Rechtbank niet bevoegd voor handhaving Wet bodembescherming

Bevoegde rechter

ECLI:NL:RVS:2013:78

Voorzitter van de Afdeling bestuursrechtspraak van de Raad van State

20 juni 2013

201304380/1/A1 en 201304380/2/A1

Loeb

Bevoegde rechter. Handhavingsactie.

[Art. 20.1 Wm]

Bij besluit van 20 september 2011 heeft het college appellanten gelast het puin en de opslag van betonblokken van een perceel te Kootwijkerbroek te verwijderen en verwijderd te houden, vijf bomen op dat perceel te herplanten en de bebouwing bij en over het zwembad, alsmede de carport op het perceel geheel te verwijderen en verwijderd te houden. Op 2 februari 2012 heeft het tot invordering van de verbeurde dwangsom, voor zover deze betrekking heeft op de aanwezigheid van puin en betonblokken, besloten.
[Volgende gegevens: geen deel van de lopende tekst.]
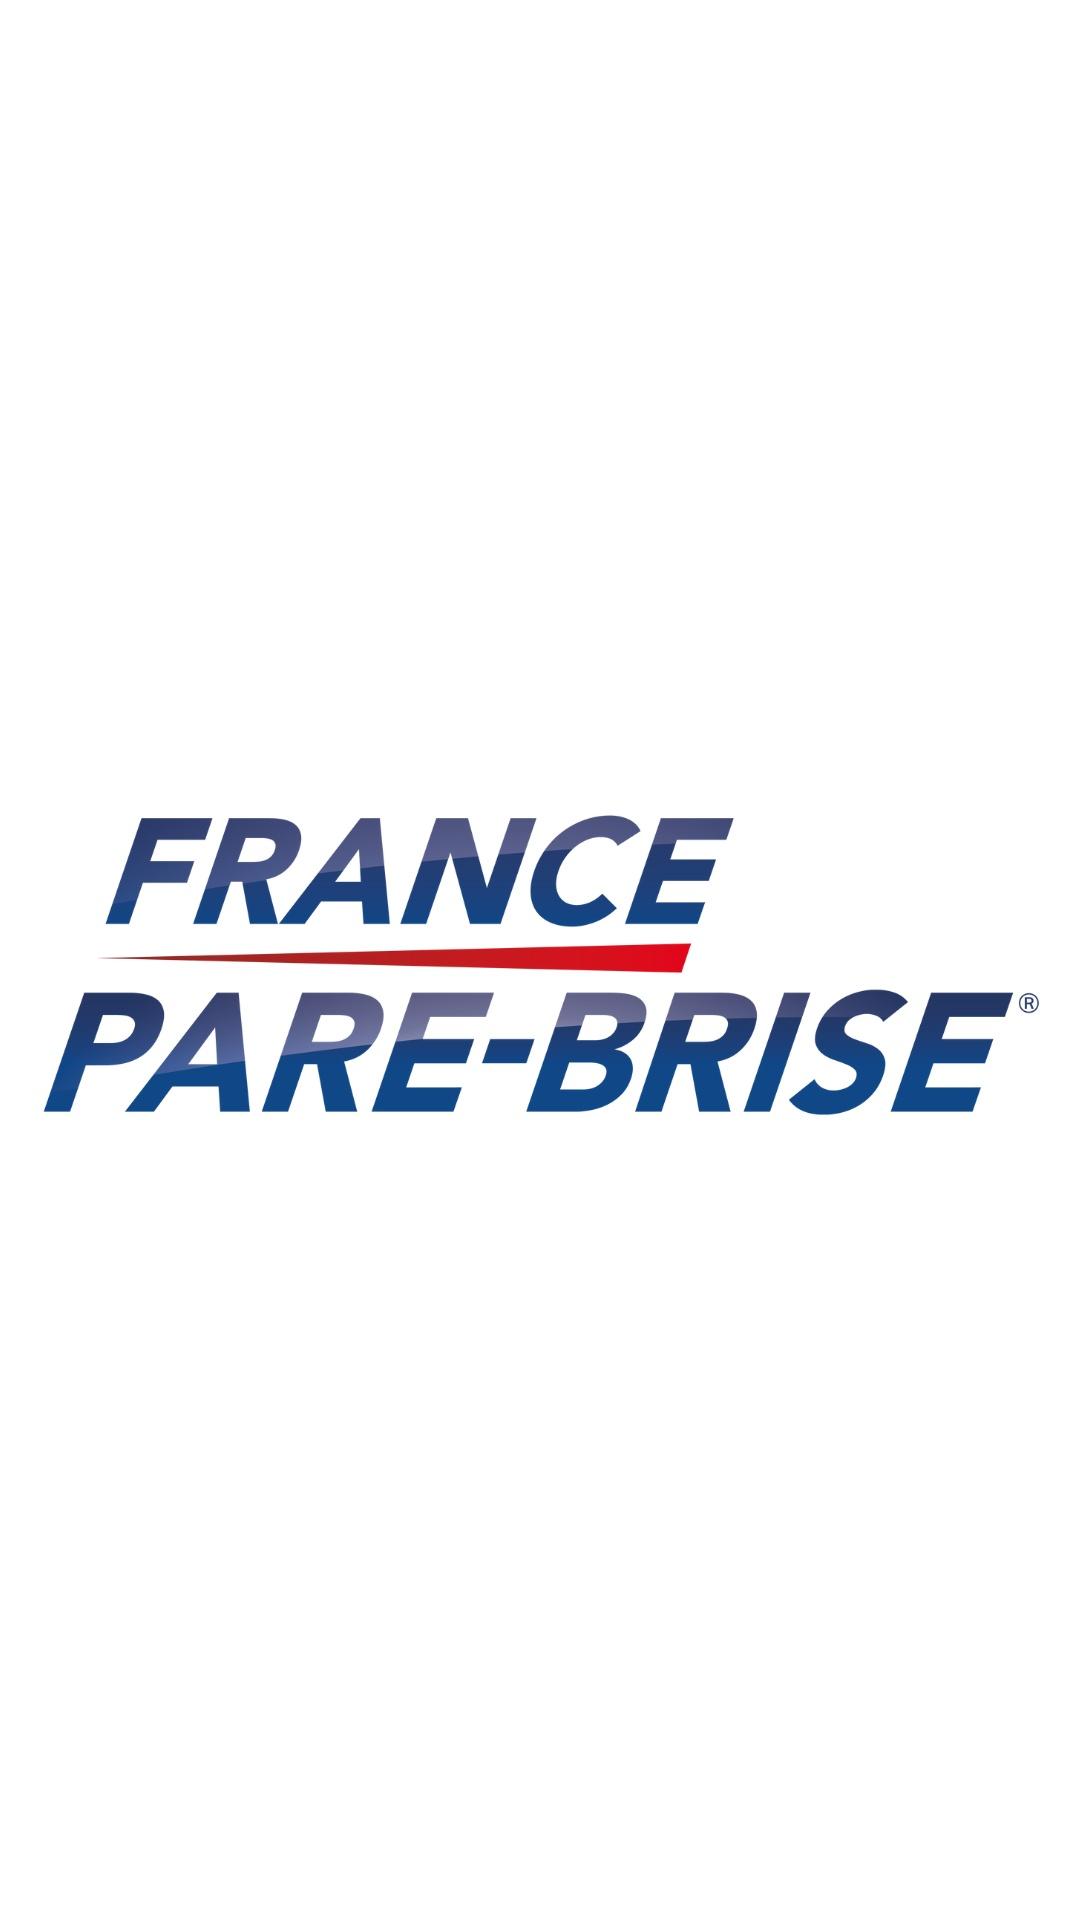 France Pare-brise Cavan

Het college heeft besloten tot handhavend optreden tegen de opslag en/of voorgenomen toepassing van het puin op het perceel. Volgens hem is deze opslag en toepassing in strijd met artikel 28, eerste lid, van het Besluit bodemkwaliteit, artikel 10.2, eerste lid van de Wet milieubeheer en artikel 13 van de Wet Bodembescherming. Nu het hier gaat om handhaving van de Wet bodembescherming en het daarop gebaseerde Besluit bodemkwaliteit, staat ingevolge artikel 20.1, eerste en derde lid, van de Wet milieubeheer, daartegen beroep bij de Afdeling open. De rechtbank was derhalve niet bevoegd op het door appellanten bij haar ingestelde beroep te beslissen, voor zover dat was gericht tegen de last inzake de opslag en/of de voorgenomen toepassing van het puin op het perceel en evenmin op het beroep tegen het besluit van 2 februari 2012, tot invordering…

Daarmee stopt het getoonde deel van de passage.